PROBLEM STATEMENT:
Pictures are not part of the answer. Return the lines from the one containing "Công ty chuyên" through the end of the data, both included, exactly as they appear.

RECORDED DATA:
------------------------------------------------------------

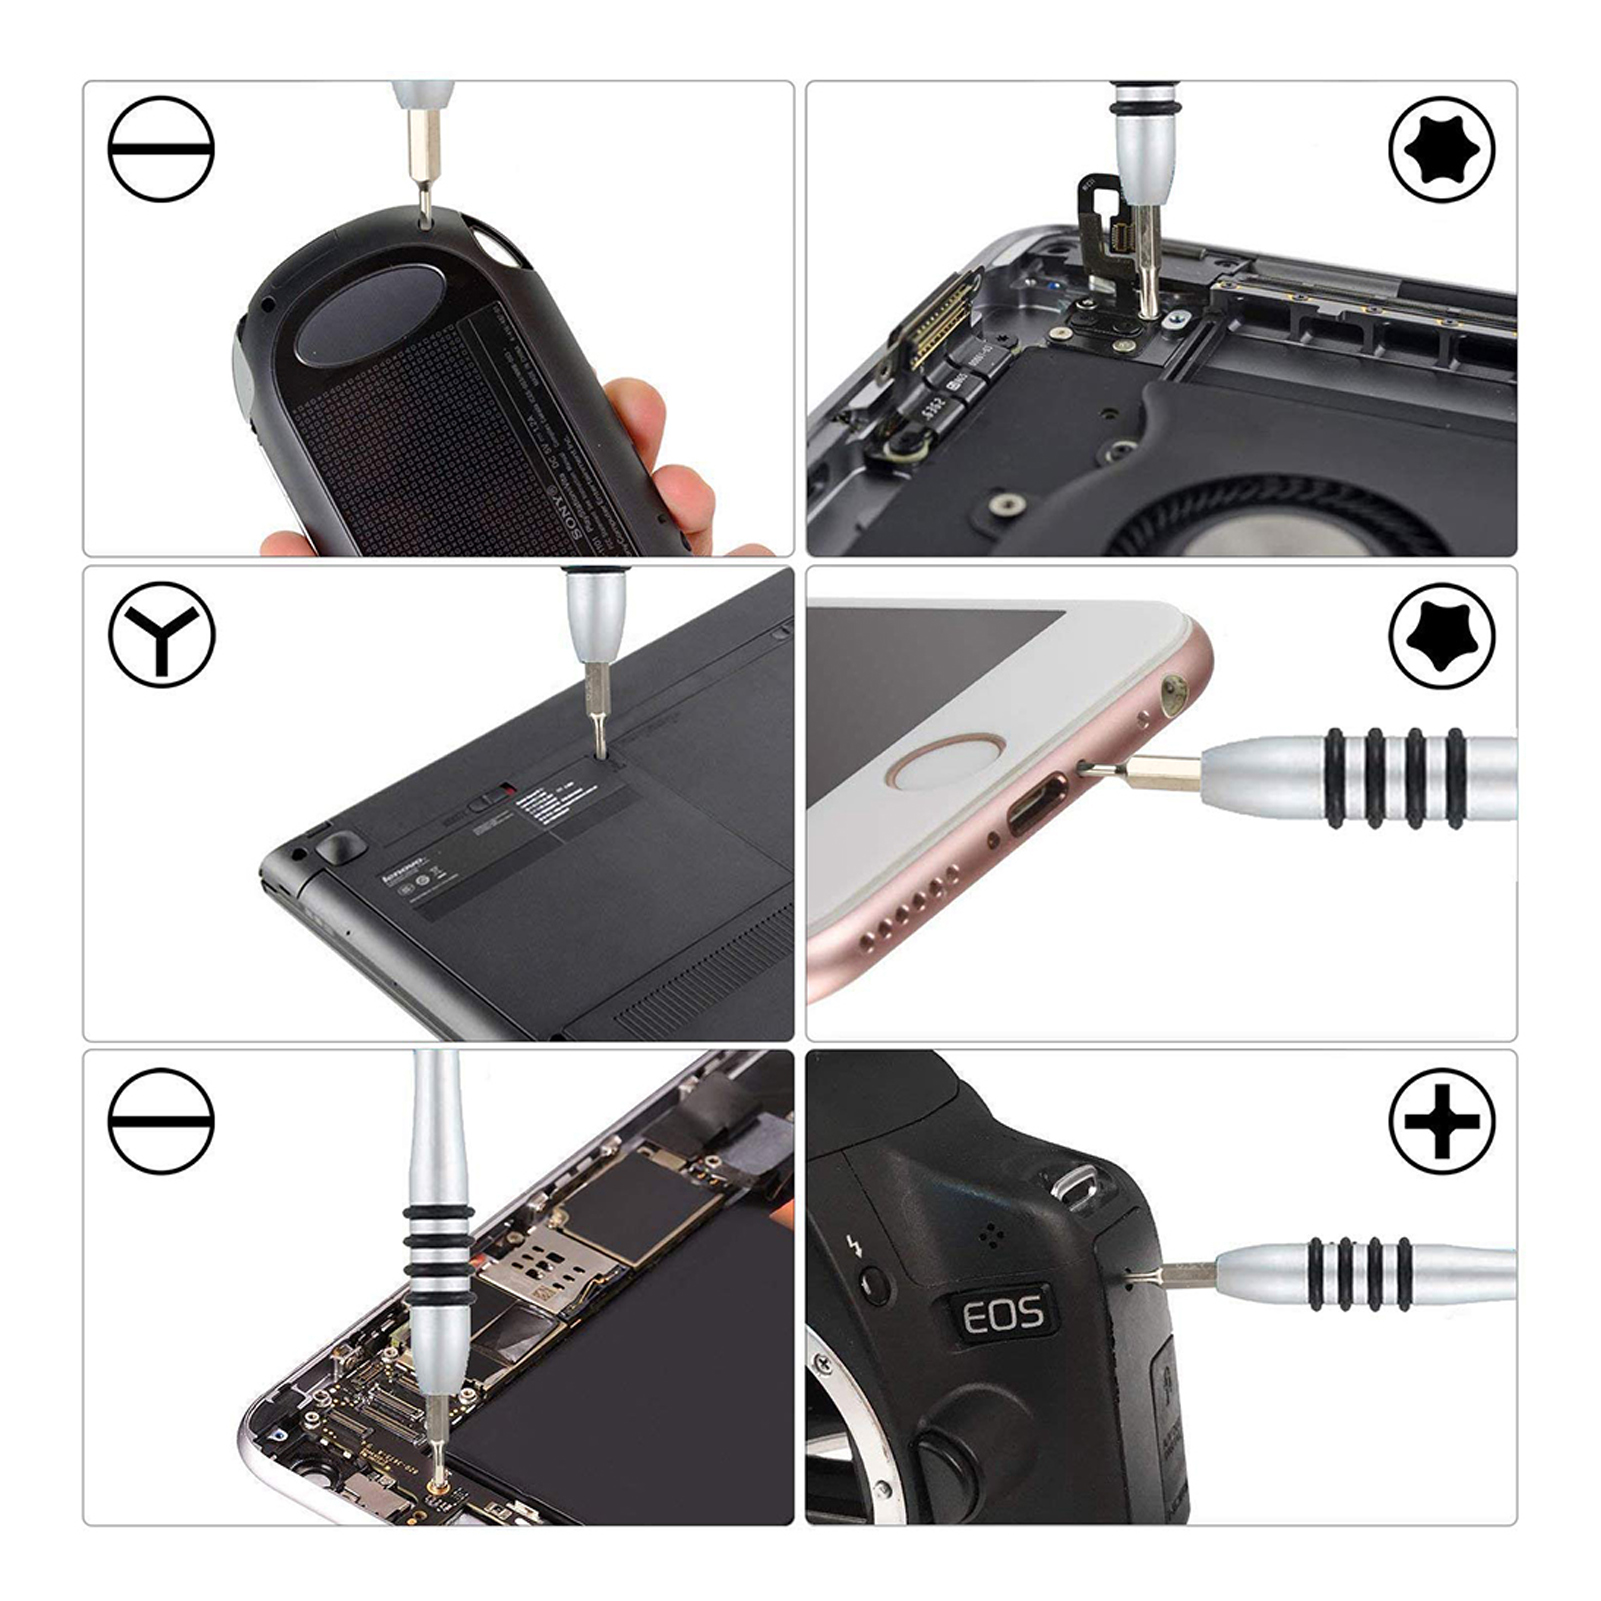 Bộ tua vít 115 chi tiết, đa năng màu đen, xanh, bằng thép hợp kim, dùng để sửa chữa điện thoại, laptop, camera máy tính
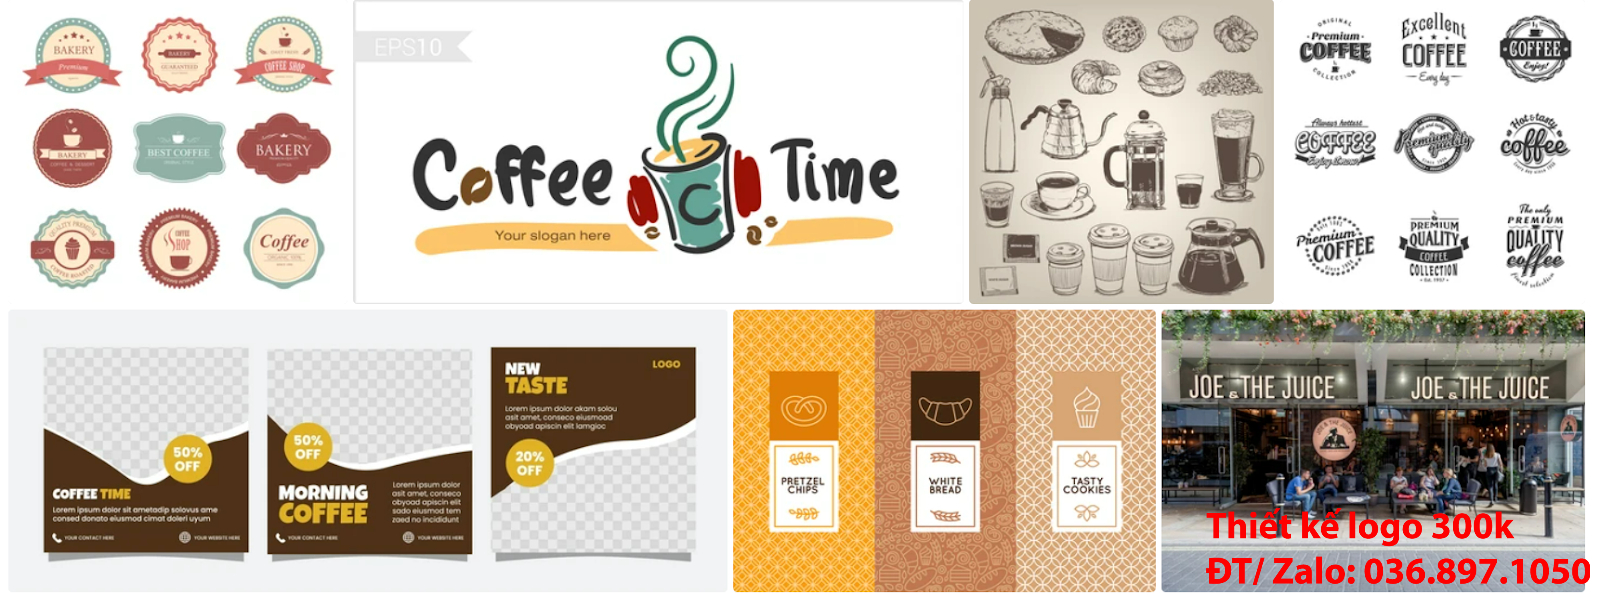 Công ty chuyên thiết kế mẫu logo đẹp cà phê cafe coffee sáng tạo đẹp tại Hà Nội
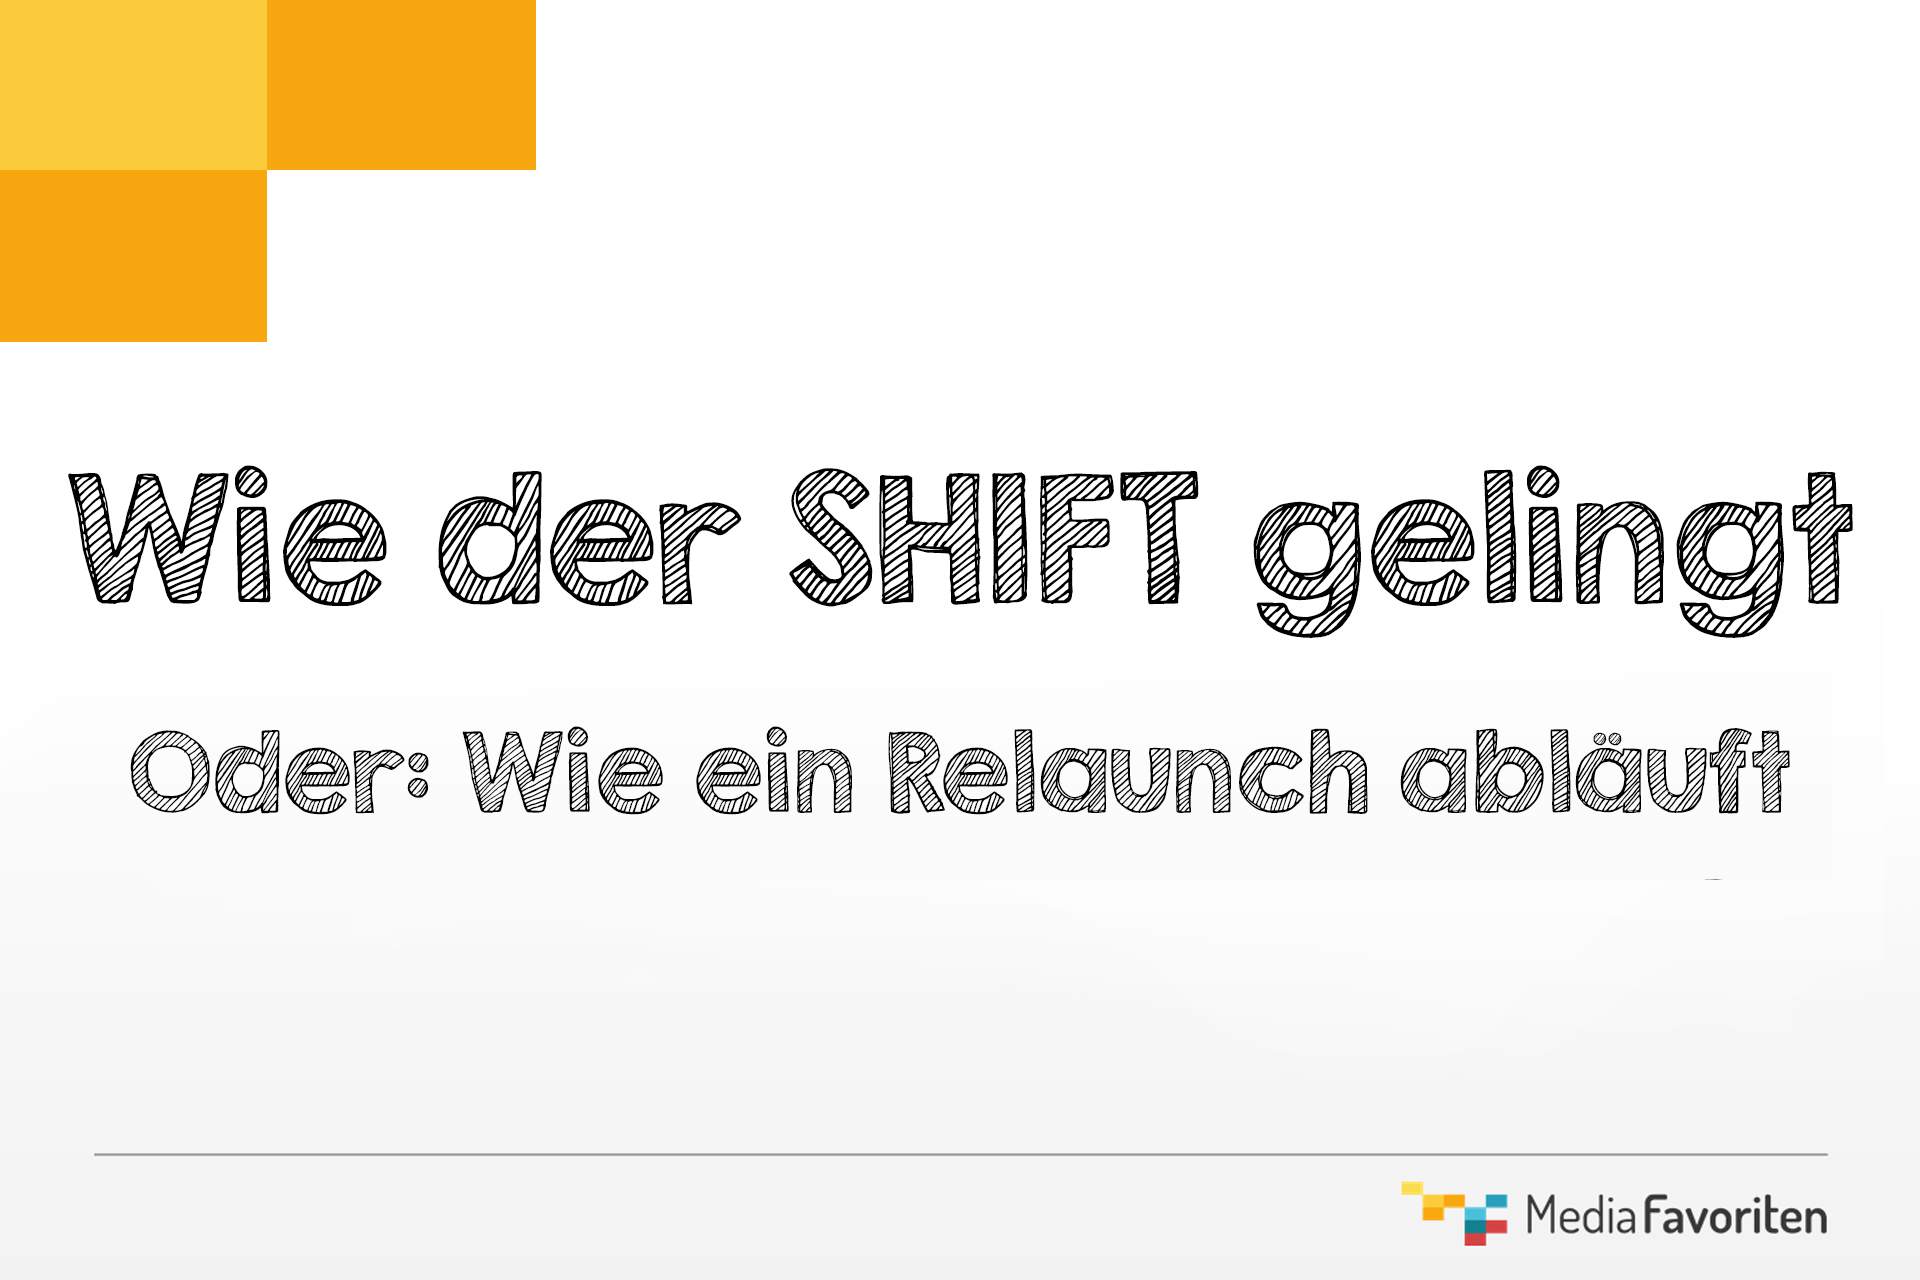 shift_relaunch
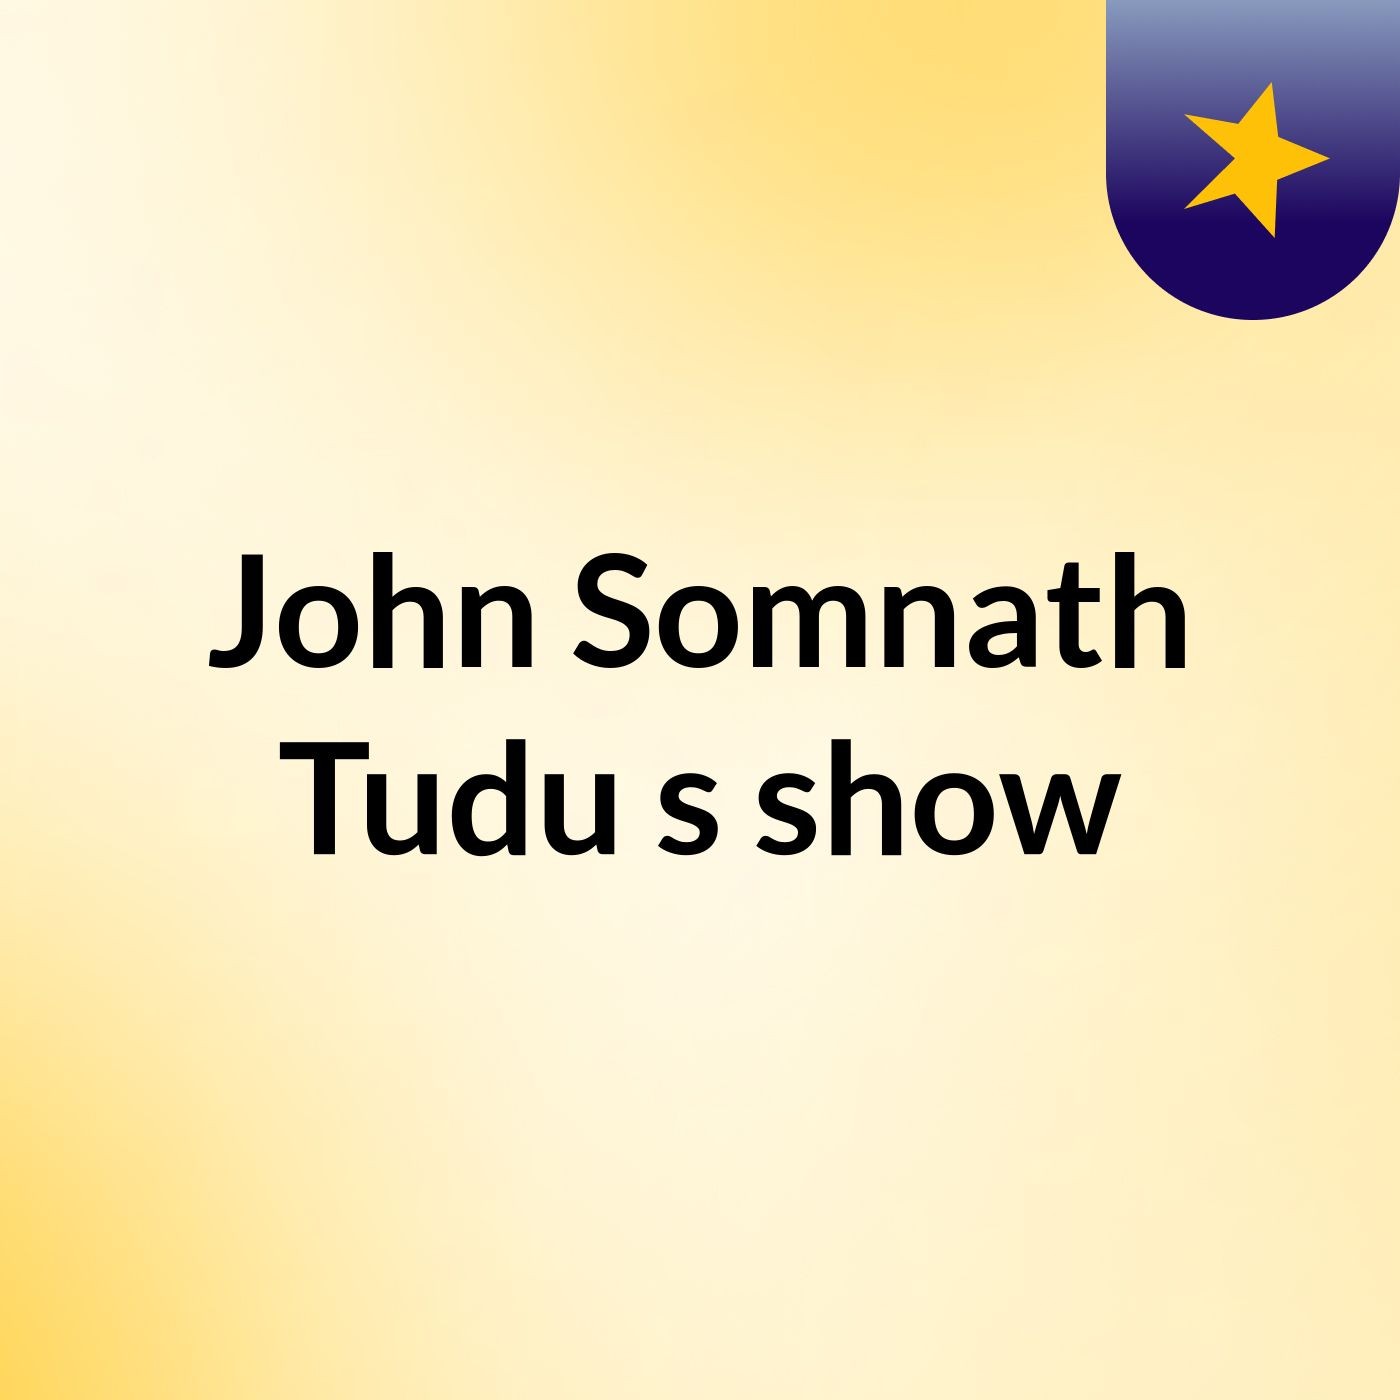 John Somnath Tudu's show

------------------------------------------------------------

SOLUTION TO THIS TASK:
 Công ty chuyên thiết kế mẫu logo đẹp cà phê cafe coffee sáng tạo đẹp tại Hà Nội
 shift_relaunch
 John Somnath Tudu's show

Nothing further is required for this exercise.